About the Artist
Born in France at Champigne, Henri Lebasque became known as a painter who spread “joy and light” and for works that were intimate in subject matter and pleasing in color and form. He was in Paris in 1885, when he was age 20, and there he studied at the Ecole des Beaux Arts and with Léon Bonnat, focusing on portrait painting. Soon he was exhibiting at the Paris Salons and art society exhibitions. He also assisted Ferdinand Humbert with murals at the Pantheon.
Of special influence on him were his peers, many whom were revolutionary young painters such as ´Edouard Vuillard and Pierre Bonnard and who were part of Les Nabis, a group of student artists who banded together at the Académie Julian and asserted that art was personal expression and not something done by outside prescription. Another group that influenced Lebasque were the “Intimists”, which also included Vuillard and Bonnard, and which espoused the depiction of cozy domestic genre scenes with jarringly modernist use of line and color.

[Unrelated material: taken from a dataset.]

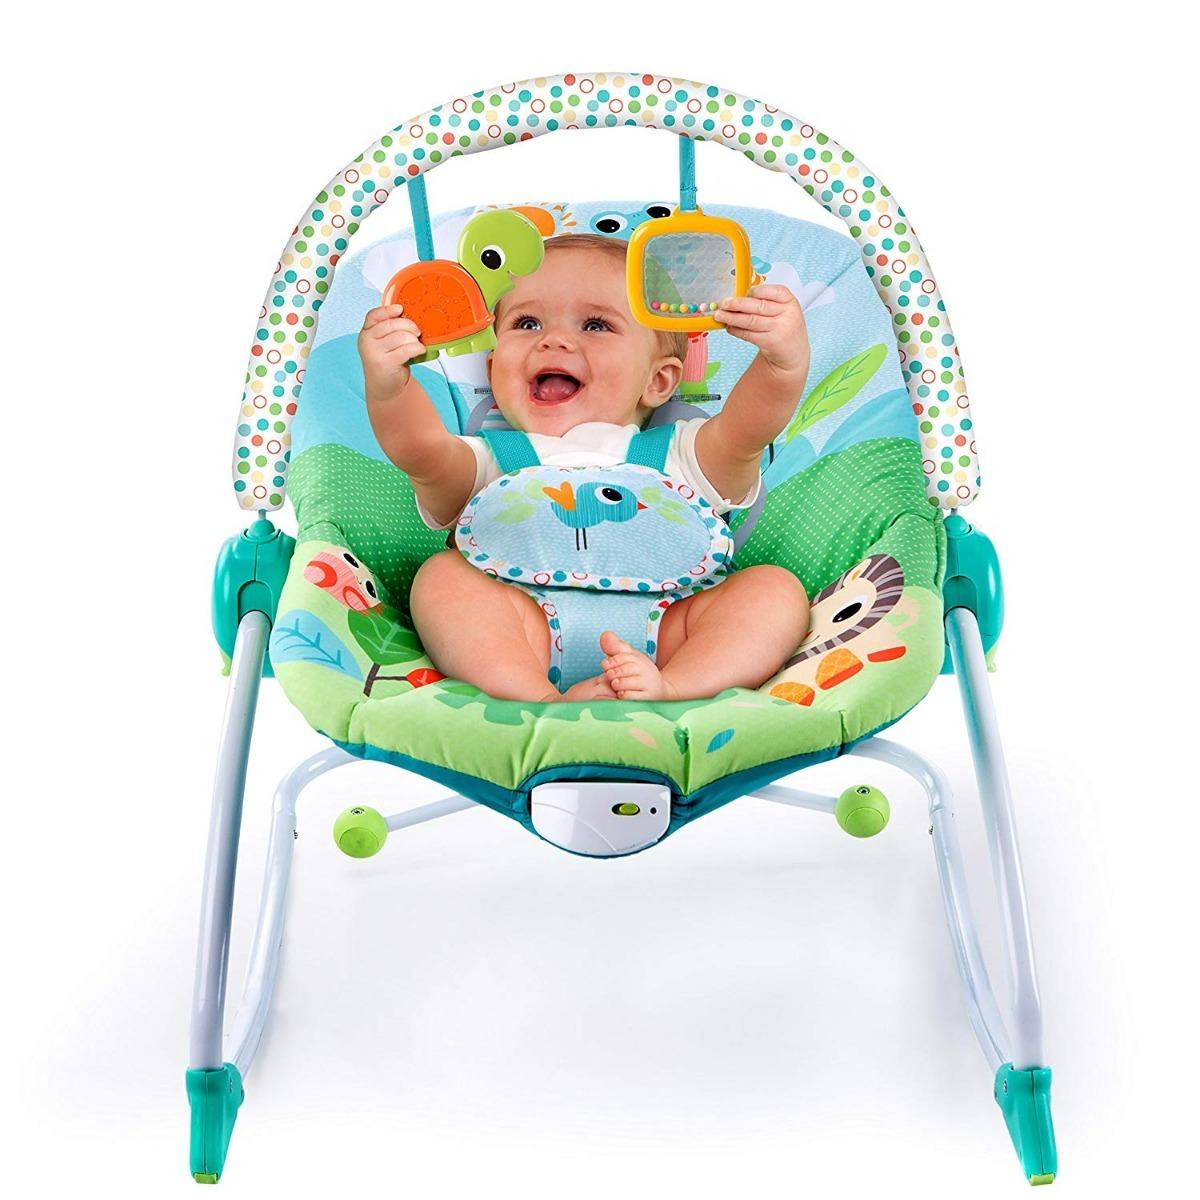 05b21b5b6 bouncer silla mecedora bebe bright starts playful vibradora. Cargando zoom.

Lebasque, along with his friend Henri Matisse became a founding member in 1903 of the Salon d’Automne, whose exhibiting artists became known as Les Fauves (wild beasts) for their brash use of color and savage presentation of shapes. Lebasque adopted their flatness of shape and color but was more fluid in presentation than many of them.
In 1924, Lebasque moved to the French Riviera to the town of Le Cannet, and he and Bonnard painted there together, often sharing a model. He died there in 1937.
Museum collections include the Petit-Palais, Musée d’Art Moderne, Musée des Beaux Arts and the 1915 Panama-Pacific Exposition in San Francisco.